On December 19, 1916, and after the drafts had been paid by appellee, appellant brought its suit for the alleged balance, and attached certain linters claimed to belong to appellee at Waco, Tex.
Appellant authorized the banks at Waco, through which the drafts were drawn, to wire the New Orleans banks to make the deductions claimed by appellee, but it was testified by Mr. Foster, of the appellant company, that he did not authorize such banks to wire that the balance would be accepted in full settlement of the contract, or to release appellee from any claim for the amounts deducted from the amounts of the drafts.

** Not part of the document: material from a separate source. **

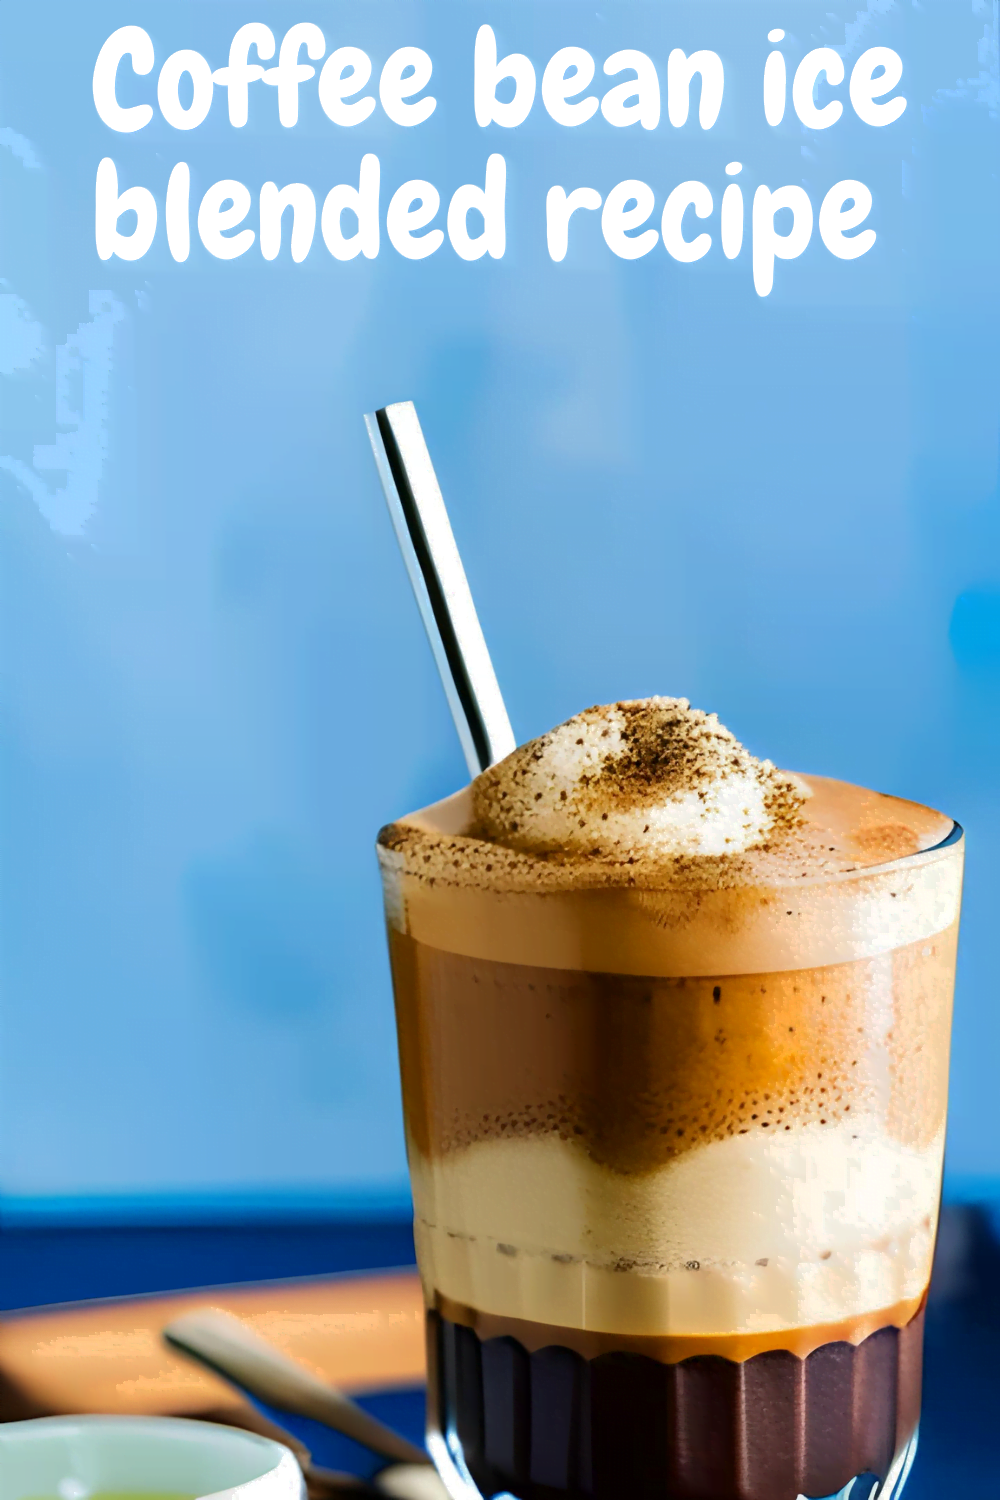 Coffee bean ice blended recipe : Refreshing Anytime of Day!

Opinion. There are several questions presented in appellant's brief relating to the alleged errors of the trial court in peremptorily instructing a verdict, and in not submitting to the jury the various items, comprising its *Page 1018 demand, to which it Is claimed appellant was entitled under the contract, and as to which it is asserted there were issues of fact for the determination of the jury. A decision of these questions will be pretermitted, as, in our view of the case, must turn upon the question whether the trial court correctly held that the testimony conclusively established an accord and satisfaction. This seems to have been the ground upon which the peremptory instruction was given, and, if the trial court's action in this particular was correct, it is immaterial what appellant's rights were under the contract.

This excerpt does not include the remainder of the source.